The obsession with giantism, with prestige projects, and with top-down direction was of course a defining characteristic of the old Soviet Union, and had much to do with its economic failure. It is an approach which is destructive not only of a society’s productivity but also and more importantly of its spirit.
Obama would be cool with those giant statues of Stalin and Saddam Hussein. That’s how he thinks, I suspect. Lysenko would have him enthralled.
Collectivism requires the destruction of the concept of cause and effect, in order for its various claims on “social resources” or “public wealth” to pass without complicating questions about where these resources came from, and whose property the wealth in question actually is.
Like the recent manifestation of the occupiers, collectivist cant is shapeless and disconnected, chanting fine sounding phrases without concern for the probable effects such theories will have in the real world.
In Obama’s universe, the collectivist paradise to which he wishes to lead us, x does not lead to y which leads to z.
Preventing the construction of a pipeline which would greatly ease the nation’s energy problems, and bring about a great many jobs along the way, floats independently in the free-form plasma of his mind, outweighed by the more important matter of his maintaining the support he needs politically from the anti-oil forces in the collective coalition.
But building a showpiece rail line is a big deal to another faction in the coalition, so committing enormous resources to that project is imperative, and it is desperately needed immediately, not by any potential riders, but by the interested elements in the collective coalition, who will get a piece of the action of any such big state project.
Until you realize that the only criteria that matter are those which bring about an increase in the collectivist’s power to control people and their wealth to use for his own purposes, many of these conflicting ideas seem contradictory. They are not.

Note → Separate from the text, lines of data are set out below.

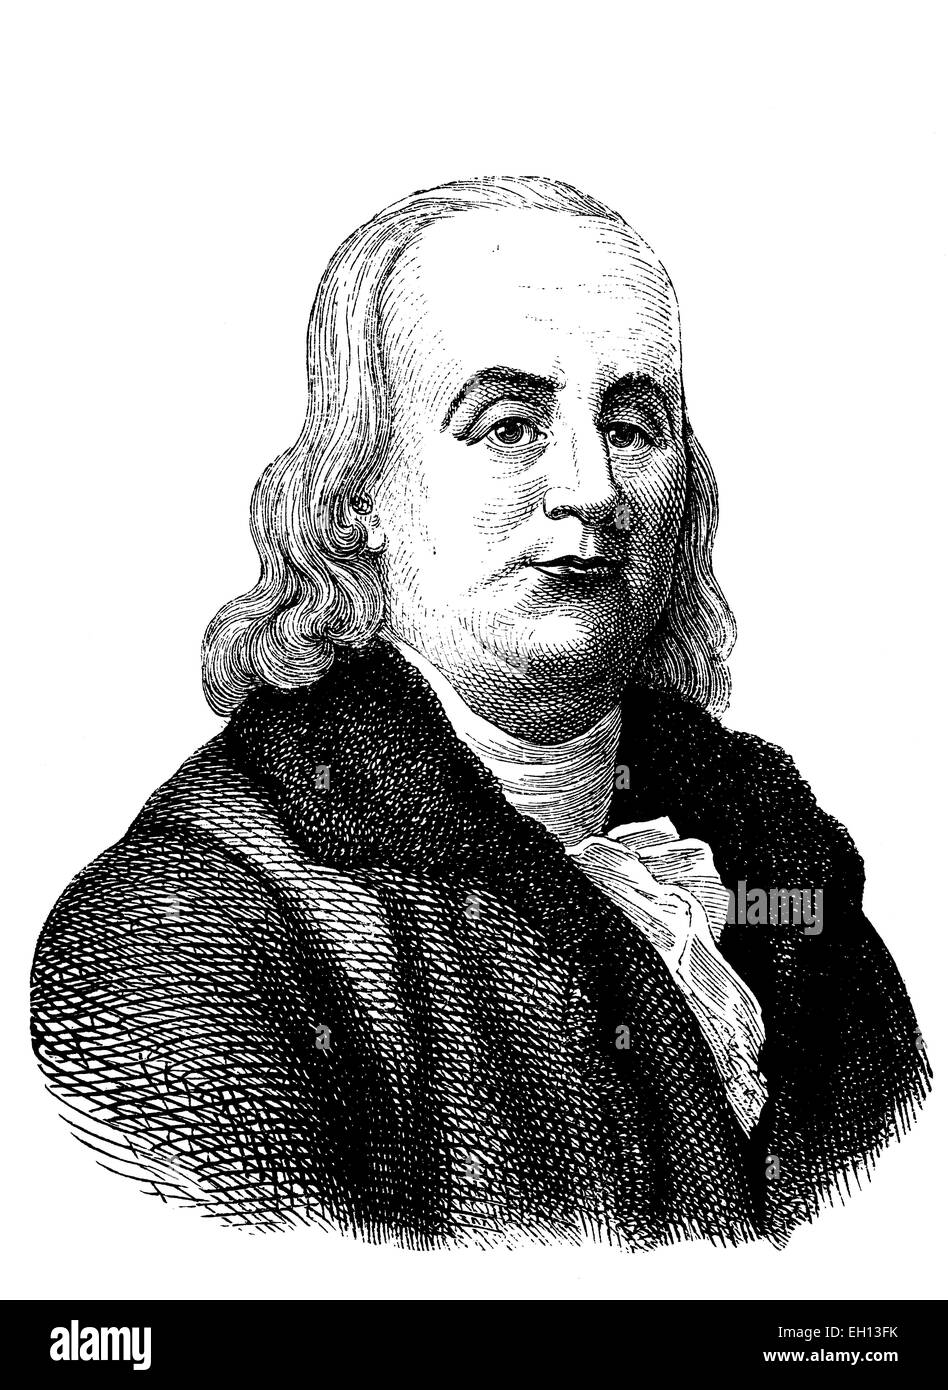 Benjamin Franklin, 1706 - 1790, l'un des fondateurs des États-Unis d'Amérique, l'inventeur de l'historique de paratonnerre, gravure sur bois, vers 1880 Banque D'Images
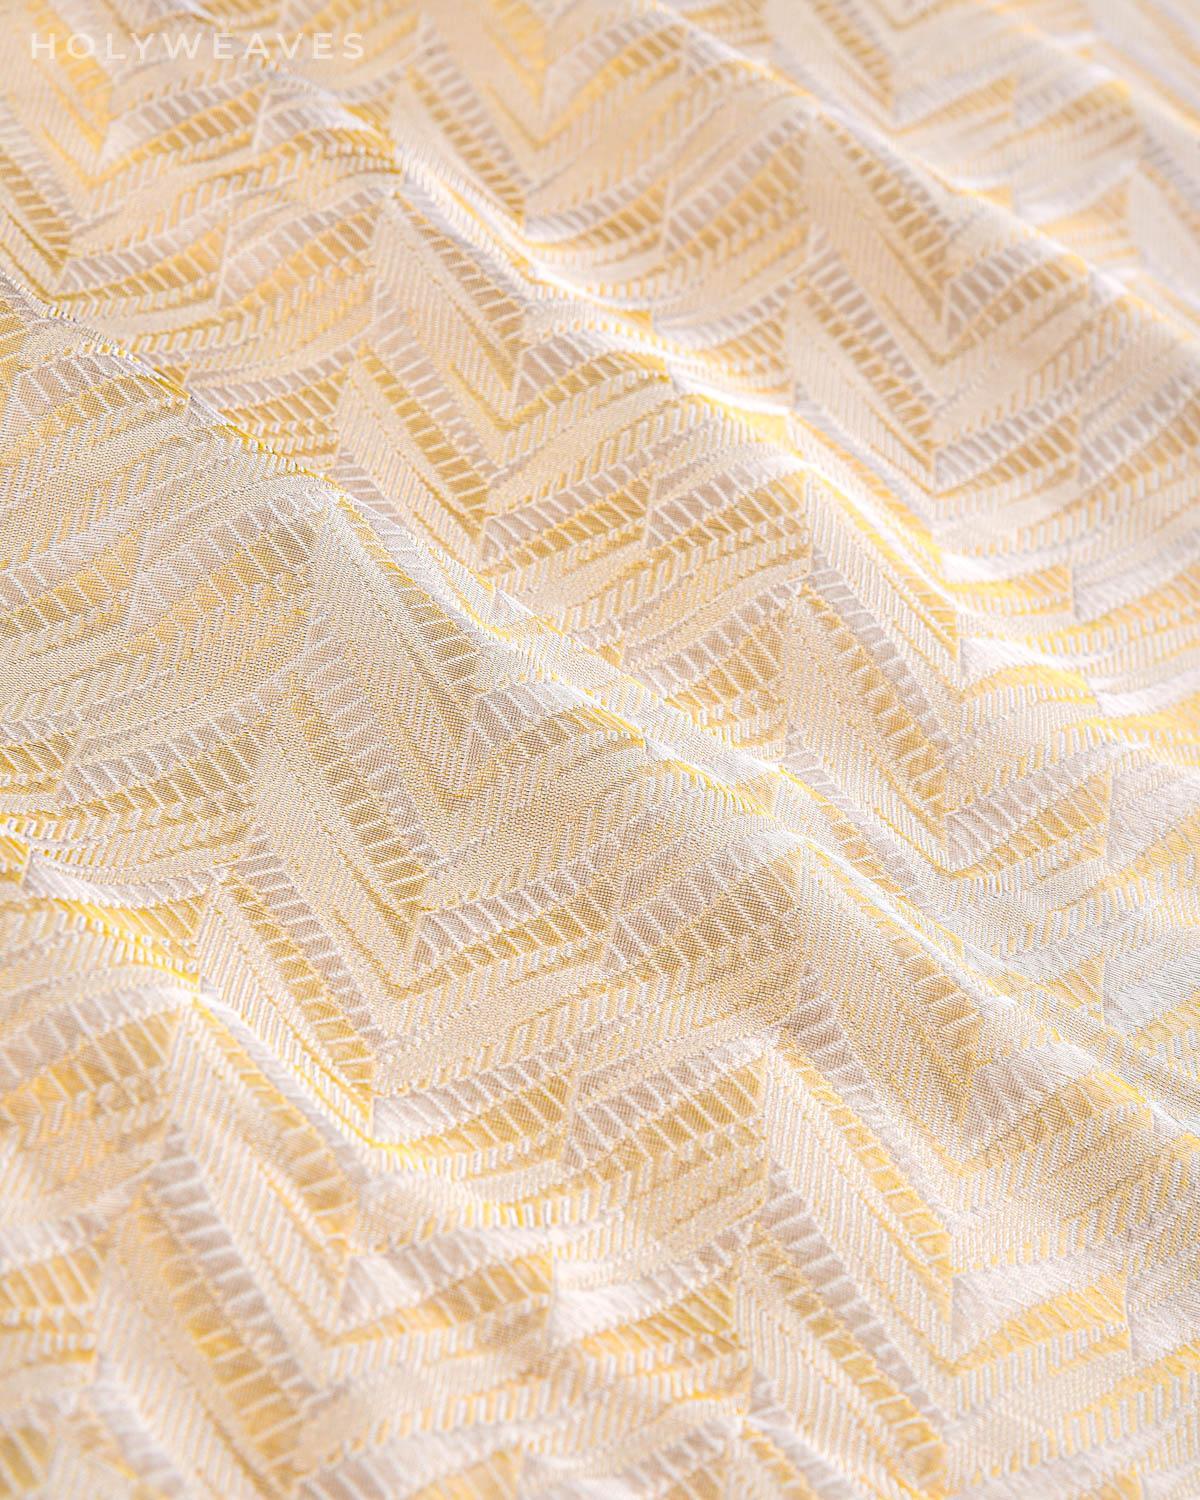 Cream Banarasi Arrowhead Herring Bone Alfi Sona Rupa Handwoven Katan Silk Fabric - By HolyWeaves, Benares
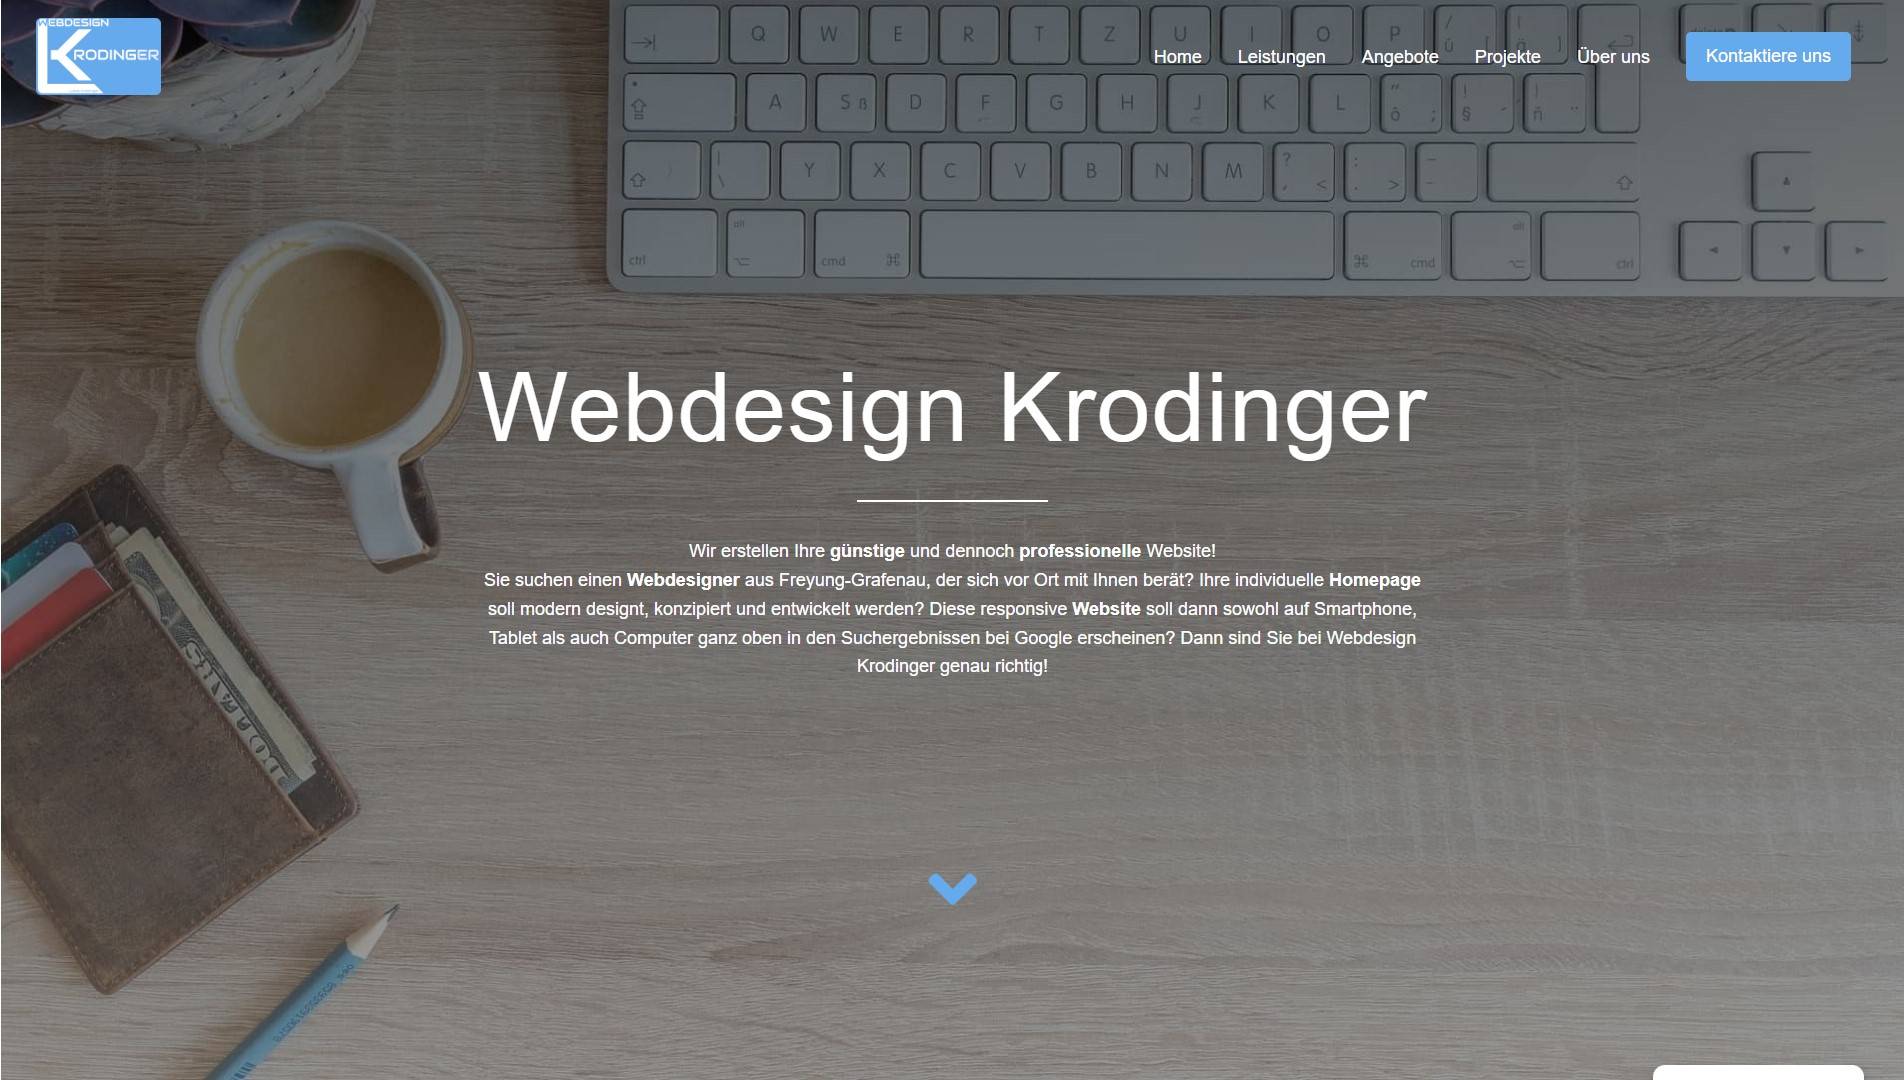 Webdesign Krodinger
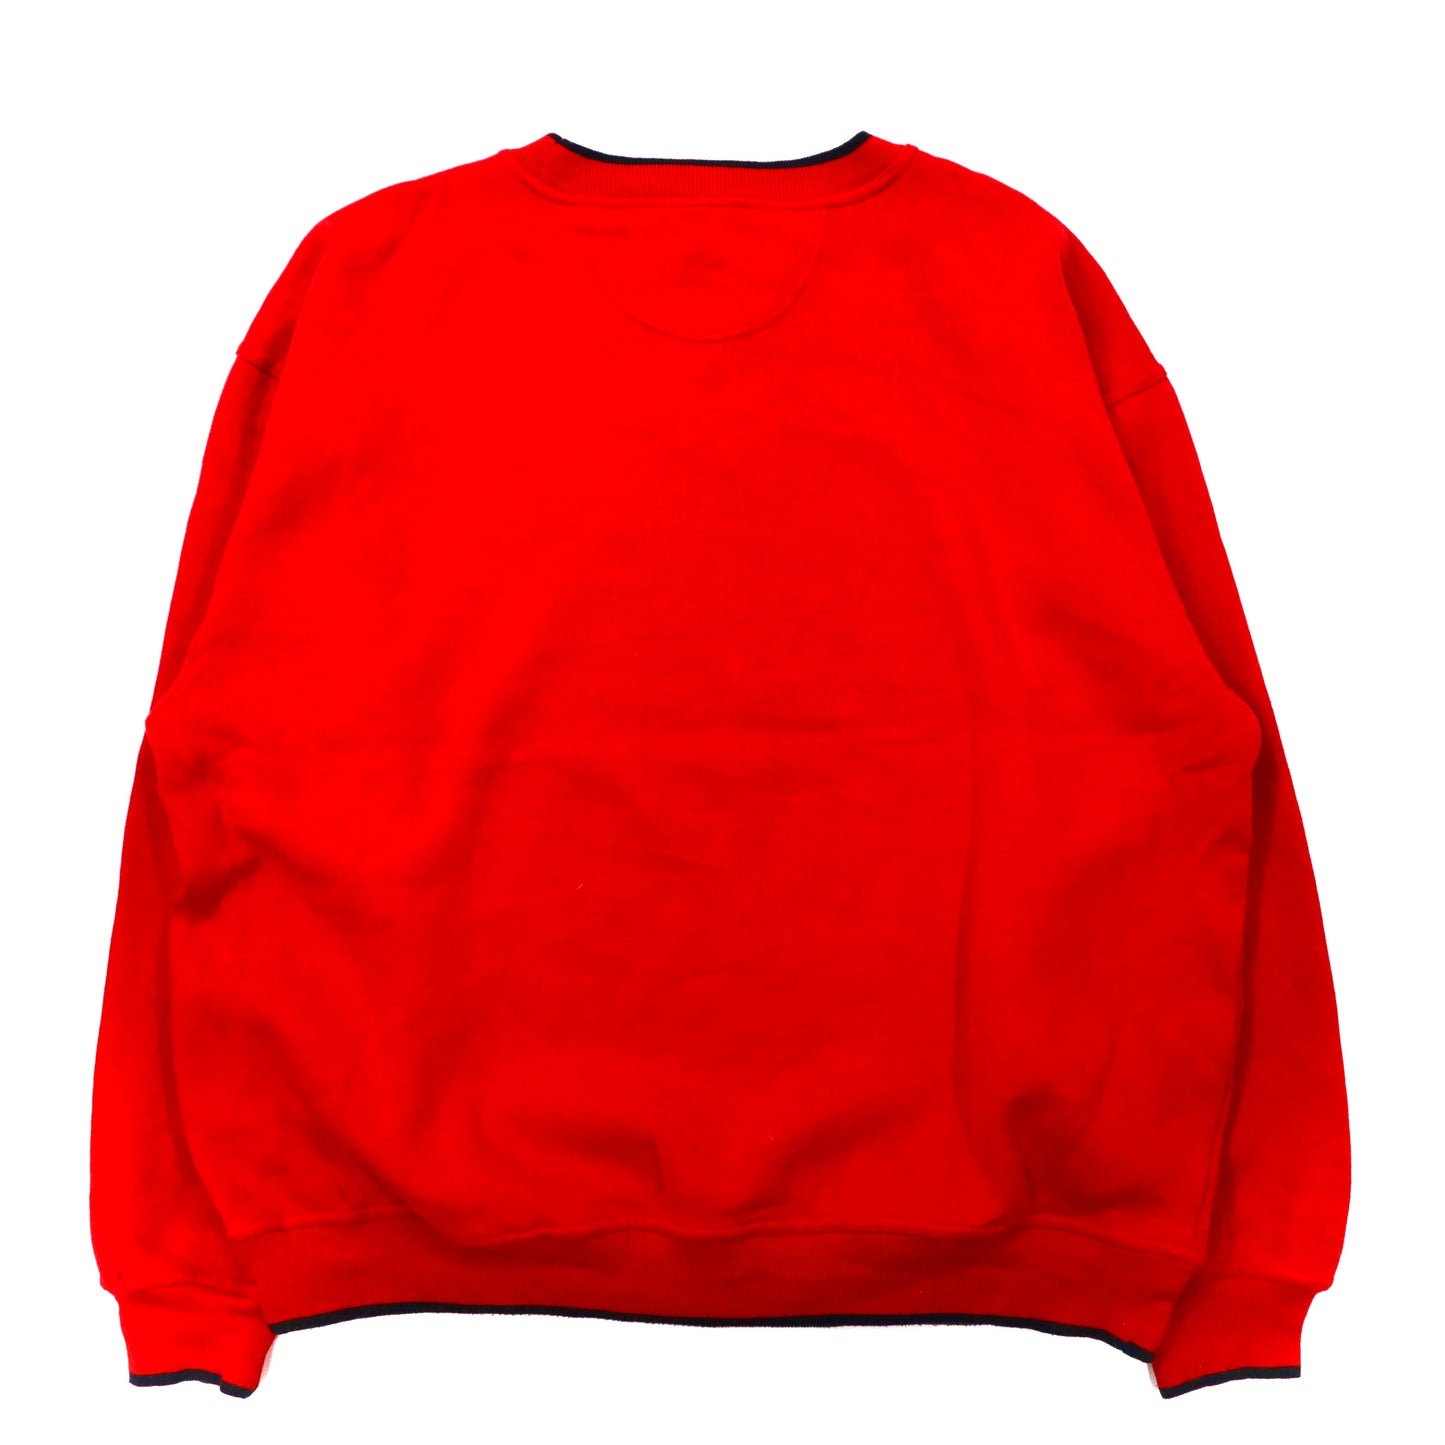 RED OAK ビッグサイズ スウェット XL レッド コットン 裏起毛 カレッジ フットボール NC STATE Wolfpack 90年代 モンゴル製
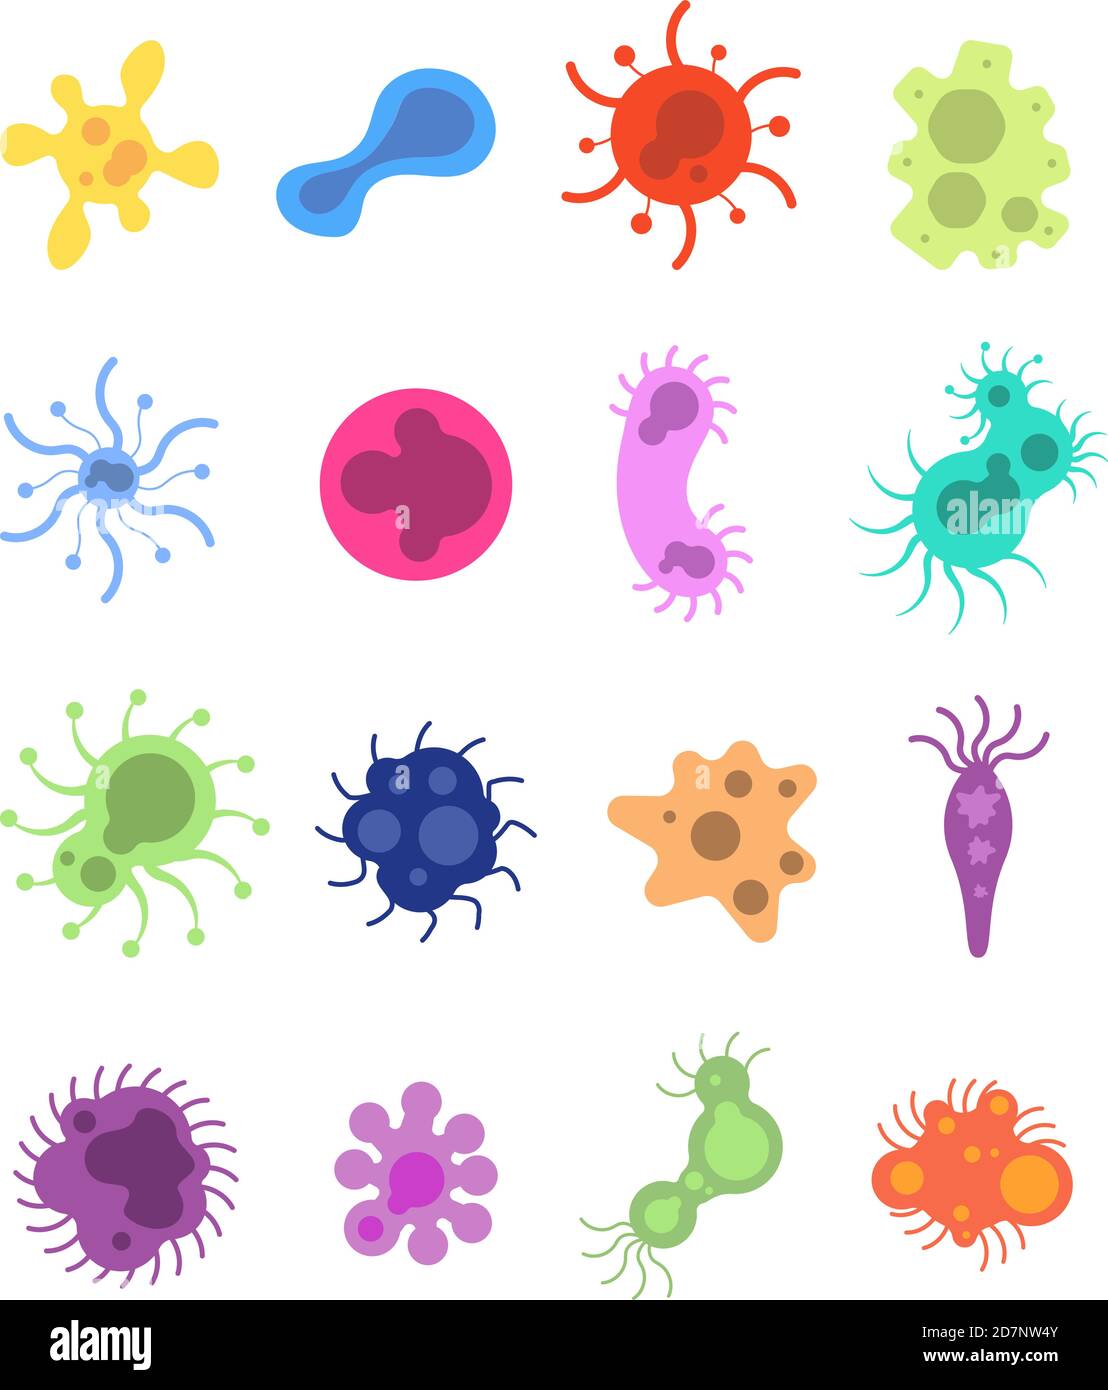 Set di germi. Virus influenzale tossina cellule microbi ameba epidemiologia batteri malattia germe influenza cellula microbiologia isolato vettore set. Ameba e influenza, cellule e malattie, malattia batterio illustrazione Illustrazione Vettoriale

You’re looking at the issue from the point of view of actually getting productive projects completed as efficiently as possible.
The collectivist sees only an increase in power, or not. Nothing else matters.
VR….indeed, the collectivist leader is only concerned about his own power. But in some cases even the most power-hungry collectivist leader must worry about actual economic productivity…Stalin, for example, needed economic growth first to demonstrate the superiority of his system, and hence expand his own power, and later to avoid the German victory which would have quickly led to his total loss of power and life.
OTOH, many individuals who tend to go along with collectivism, and who have never really studied economics or history or participated in running a business, really do believe that Obama-style projects will benefit the economy.
David, severely off topic – but I think you’ll find this amusing; I knew when I saw it that I needed to pass this along. “Educator”, indeed!
What is the differance between Soviet dwarfs and American dwarfs?
Soviet dwarfs are bigger.
Please check the article inked at Instapundit regarding China called “Every province is Greece”. Sometimes validation comes from unexpected quarters.